Decrypting the complexity of the human malaria parasite biology through systems biology approaches

Abstract

The human malaria parasite, Plasmodium falciparum, is a unicellular protozoan responsible for over half a million deaths annually. With a complex life cycle alternating between human and invertebrate hosts, this apicomplexan is notoriously adept at evading host immune responses and developing resistance to all clinically administered treatments. Advances in omics-based technologies, increased sensitivity of sequencing platforms and enhanced CRISPR based gene editing tools, have given researchers access to more in-depth and untapped information about this enigmatic micro-organism, a feat thought to be infeasible in the past decade. Here we discuss some of the most important scientific achievements made over the past few years with a focus on novel technologies and platforms that set the stage for subsequent discoveries. We also describe some of the systems-based methods applied to uncover gaps of knowledge left through single-omics applications with the hope that we will soon be able to overcome the spread of this life-threatening disease.

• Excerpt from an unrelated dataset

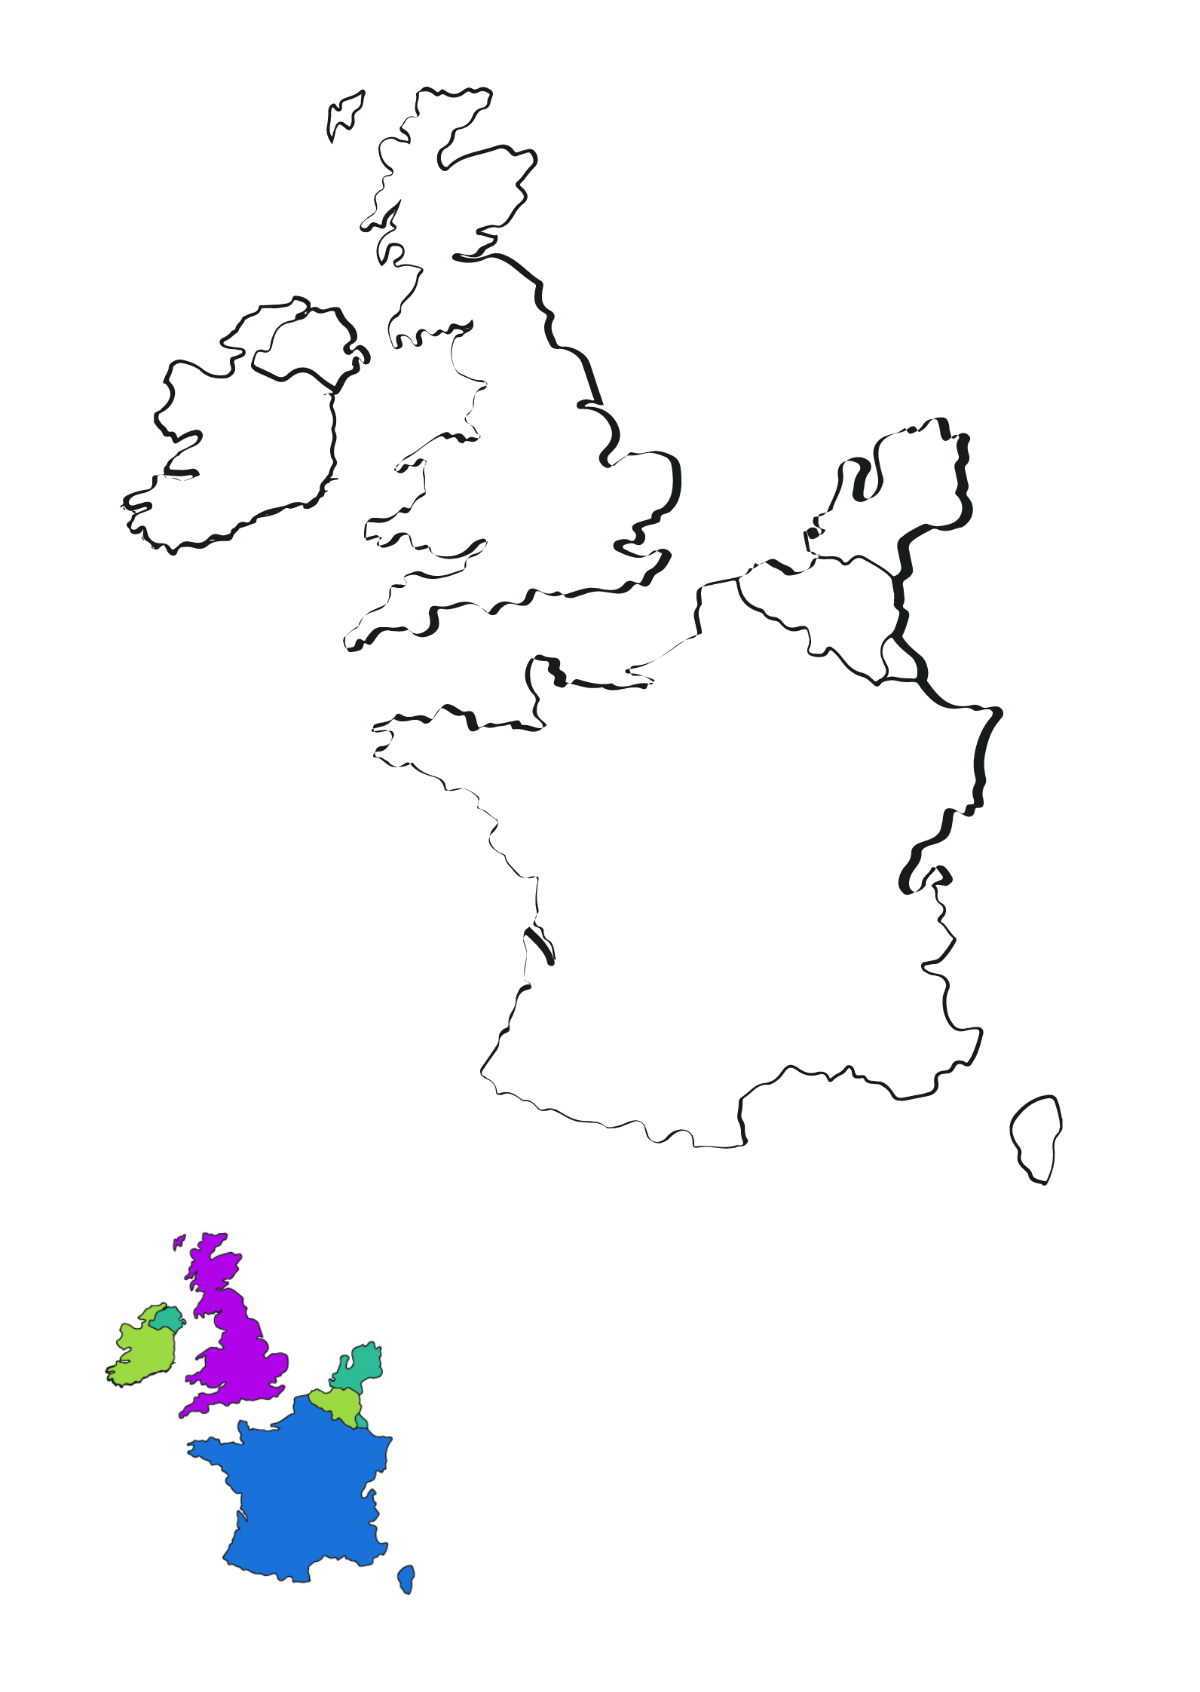 West Europe Map Coloring Page Template

Keywords: Multiomic analysis; Omics; Plasmodium; malaria; systems biology.

FIGURE 1

Plasmodium Life Cycle. Illustration depicting Plasmodium parasite life cycle alternating from an invertebrate Anopheles (Left) host to a mammalian human host (Right).

FIGURE 2

Schematic representation of hierarchical chromatin organization along with the technologies applied for their characterization. The hierarchical chromatin landscape can be broken down to three major compartments. (A) Hi-C provide 3D spatial architectural landscapes of chromosomes within the cell. These chromatin architectural analyses uncover important chromosomal territories, topologically associating domain (TAD) and chromatin contacts required for gene regulation. (B) Chromosomal landscape is divided into territories of heterochromatin and euchromatin. The chromatin is regulated by histone modifying enzymes to open (euchromatin) or close (heterochromatin) chromatin boundaries. Tools such as ChIP-sequencing, MNase, FAIRE-seq, DNase-seq, ATAC-seq serve as important means to uncover important PTMS and gene regulators. (C) DNA sequencing platforms provide high-throughput WGS capable of identifying genomic variations such as SNPs and CNVs. Over the past decade these sequencing have evolved drastically in the depth of sequencing capabilities.

FIGURE 3

Schematic illustration of major tools and technologies used to characterize a cell’s transcriptome. Gene expression is a major factor of cell development, regulation, and response to stimuli. Thus, adaptations in tools and technologies have provided new opportunities to study a cell transcriptome at all stages pre and post transcriptional levels. Unique tools have now allowed for the capture of actively transcribing genes by targeting RNA-ribosome interactions. Other platforms seek to decipher RNA-protein interactions. RNA sequencing platforms have also shown great improvement overtime.

FIGURE 4

Systems-Wide Approach to Determine the Cell’s Functional Organization. Genomics, Transcriptomics, Proteomics, and Metabolomics based techniques are applied towards precision medicine against malaria. These multi-omics-based approaches are used to understand the intrinsic characteristics of the human host and Plasmodium involved in clinical malaria as well as the complex host-parasite interactions that occur. Complex mathematical models provide opportunities for precision based computational inferences to better uncover new potential drug targets. Ultimately, the integration of various layers of regulatory and structural and computational level analysis will help in developing precision medicine against malaria.